Elizabeth Stauffer of the Washington Examiner explores the potential impact of a longshot presidential bid.
Far-left activist Cornel West announced his decision to run for president as a candidate for the People’s Party on Monday in a Twitter video. West, 70, is a former Harvard University public philosophy professor and a professor emeritus at Princeton University.
As crazy as a West candidacy may seem at first glance, it could actually have a profound impact on the outcome of the election.
As a jaunty little tune played in the background, West said, “In these bleak times, I have decided to run for truth and justice, which takes the form of running for president of the United States as a candidate for the People’s Party. I enter in the quest for truth. I enter in the quest for justice. And the presidency is just one vehicle to pursue that truth and justice.”
Kellyanne Conway, who served as a senior counselor to former President Donald Trump, told Fox News on Tuesday that West’s candidacy could affect the race just as Ross Perot’s candidacy cost President George H.W. Bush a second term in 1992.
Conway pointed out, “Even if you don’t become president, you, as a third-party candidate spoiler can decide who is the president.” She noted that Bill Clinton got elected with just 43.5% of the vote. “Why?
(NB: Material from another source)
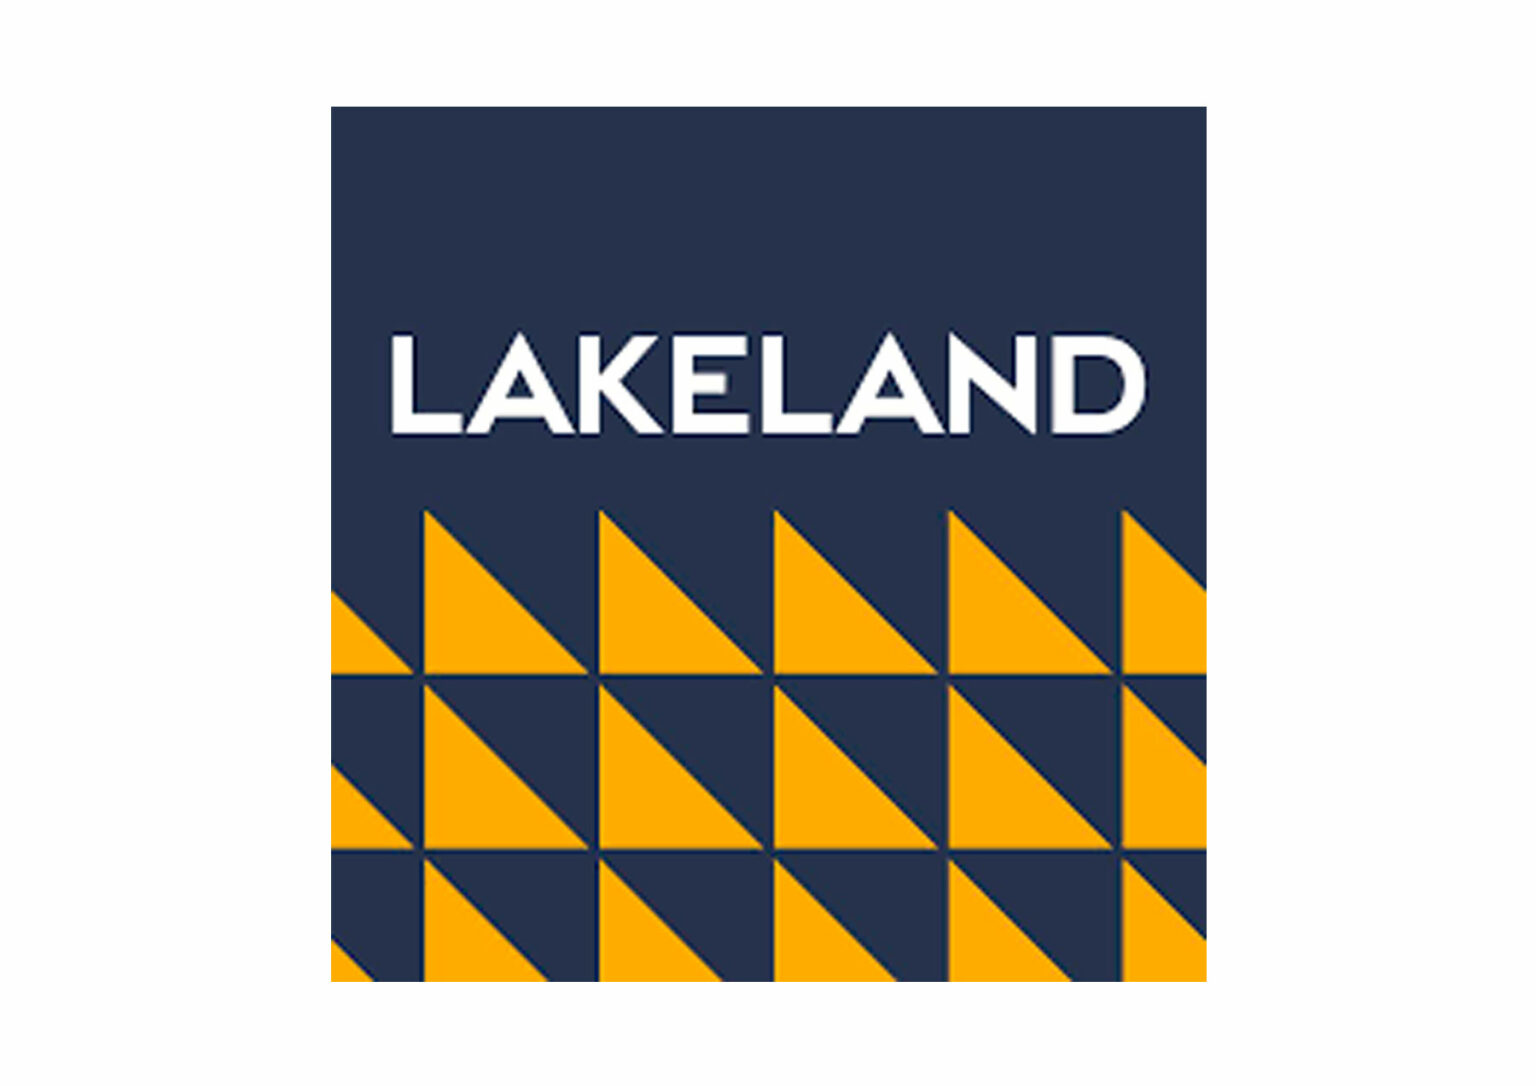 lakeland referral logo
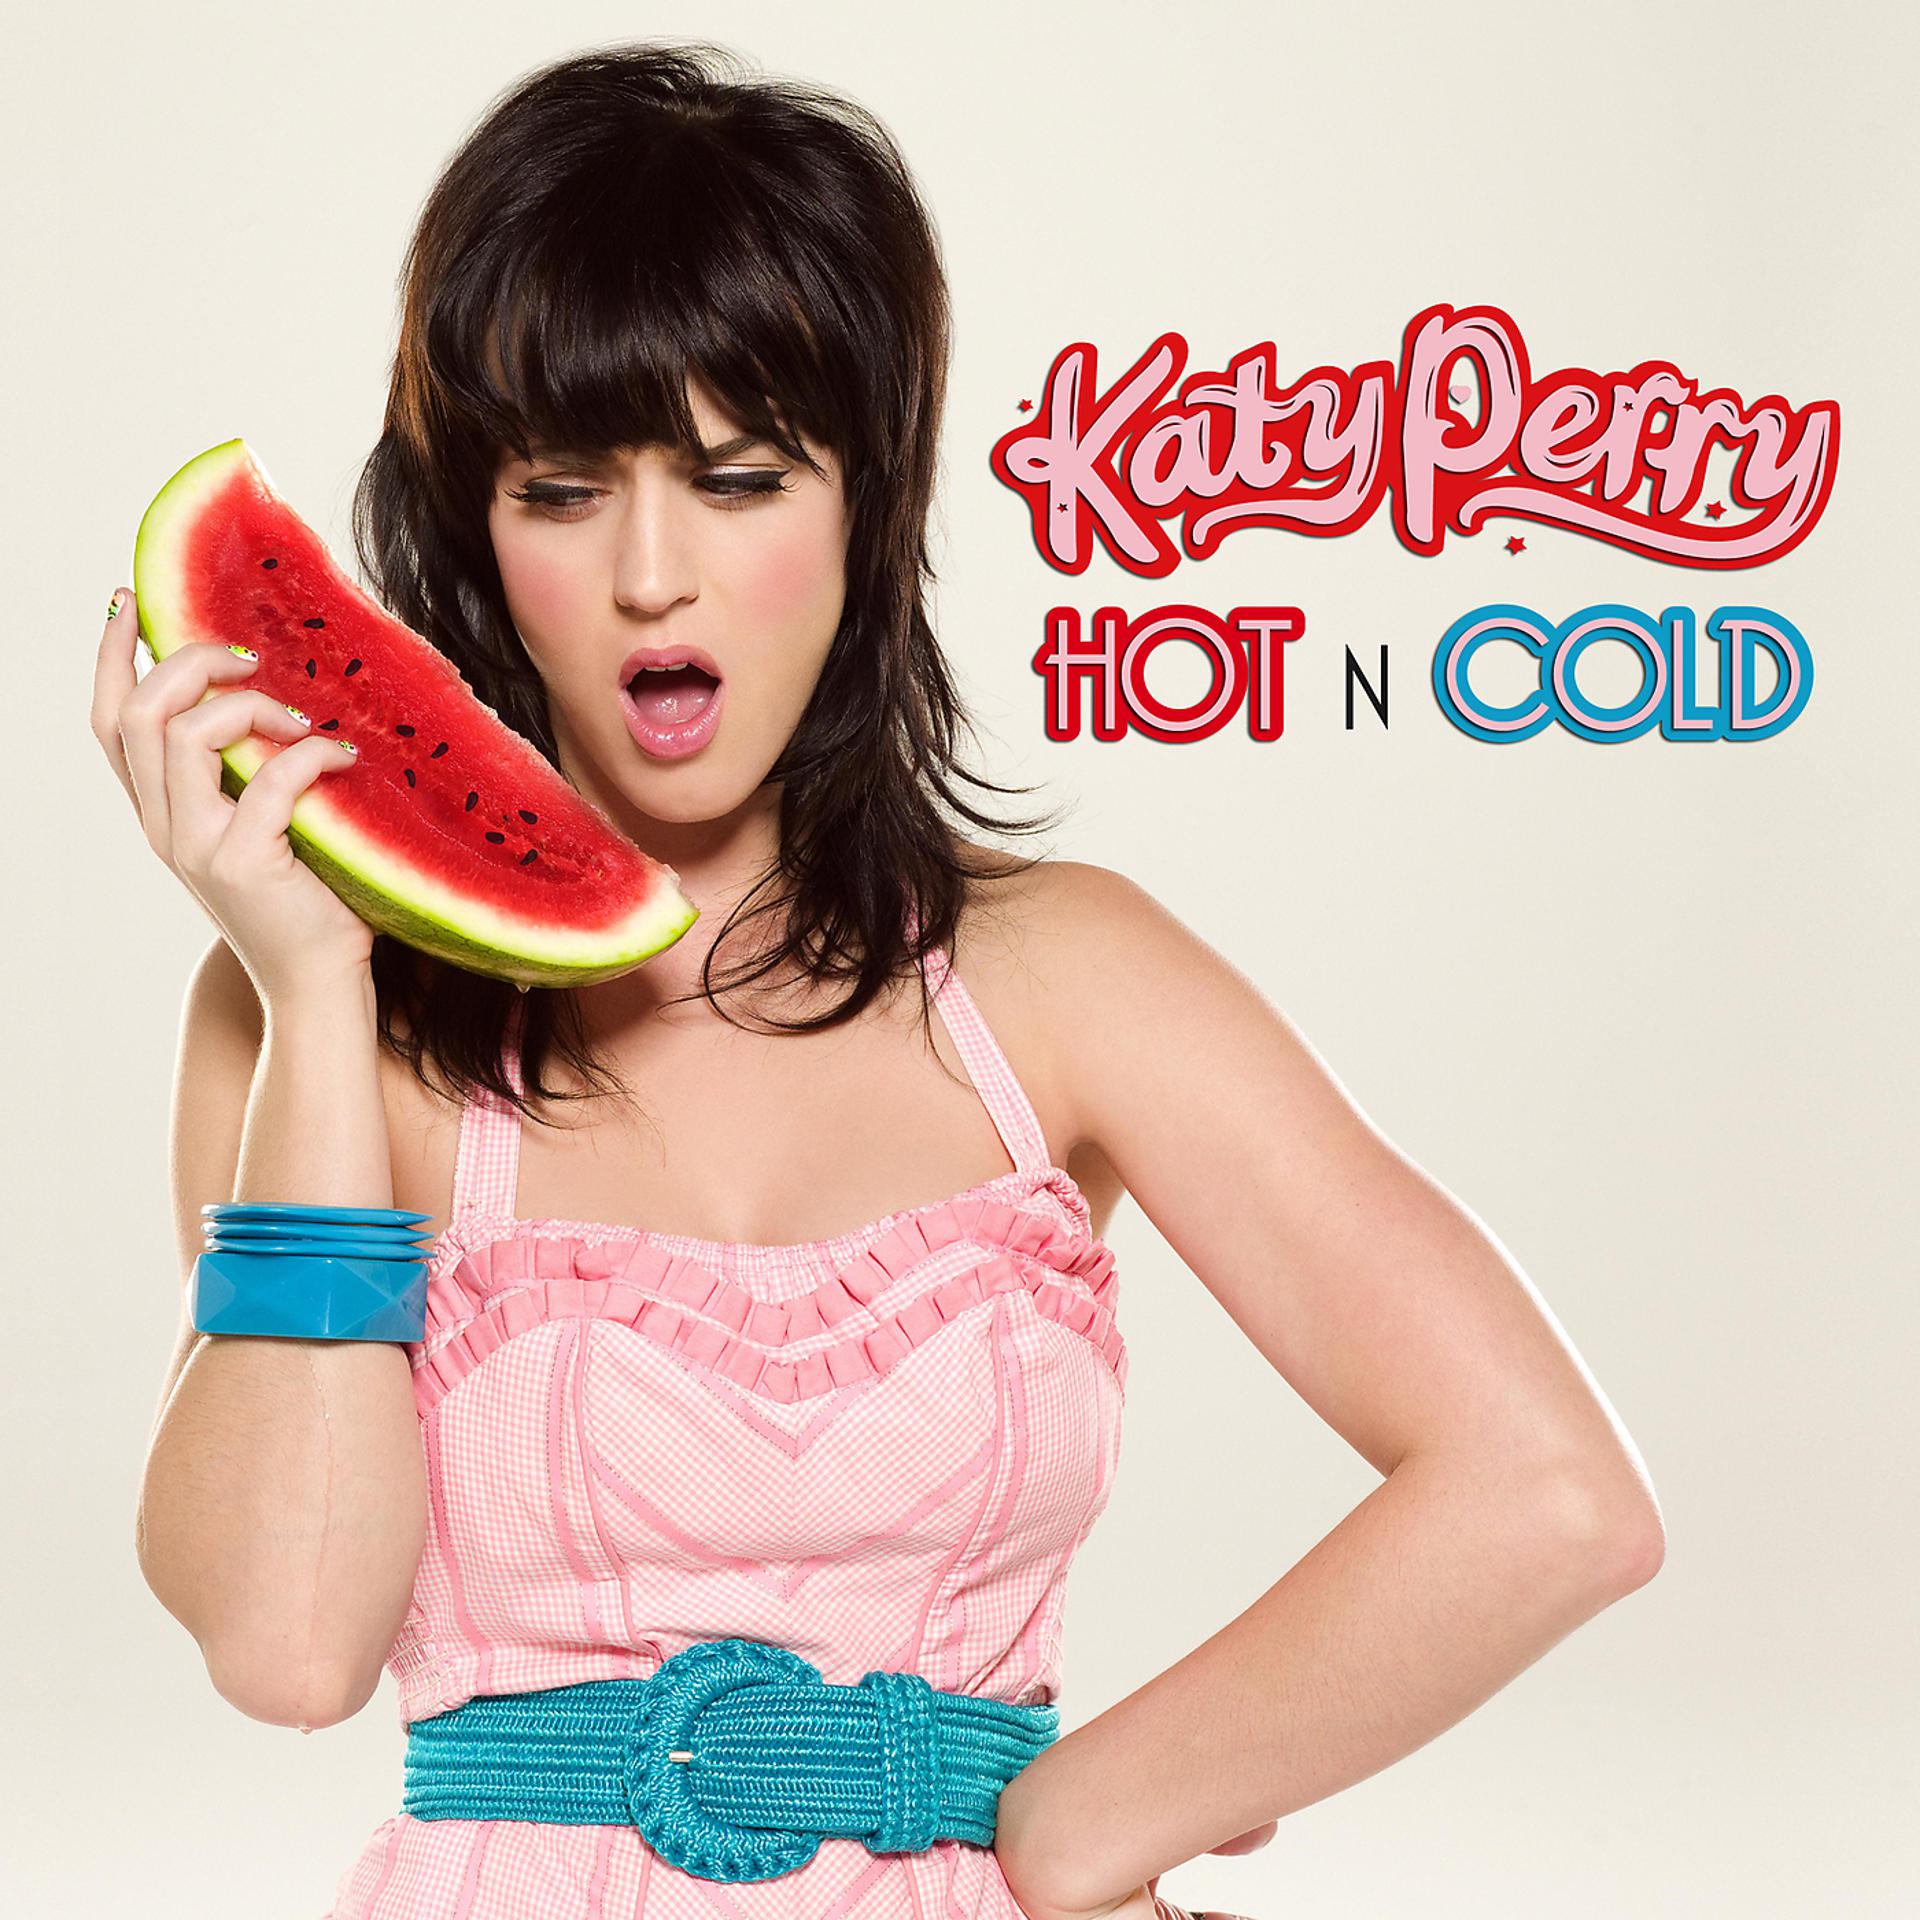 Hot cold yours. Кэти Перри hot n Cold. Кэти Перри 2008. Katy Perry hot n Cold обложка. Katy Perry обложка hot.

Because Ross Perot got 19% of the popular vote, even though he didn’t rack up any electoral votes.”
She explained, “If you play to win and you are Cornel West, and you are still not satisfied with the trajectory of the Democratic Party being progressive enough for you under a Biden/Harris administration, then you’re going to run to the left of them. Number one.”
“Number two, he’s going to make a play for people who feel forgotten, who feel abandoned by the Democratic Party and feel like nobody is listening to them and including them. It’s part of how Trump won in 2016, but I think he [West] can do it from the Left,” Conway added.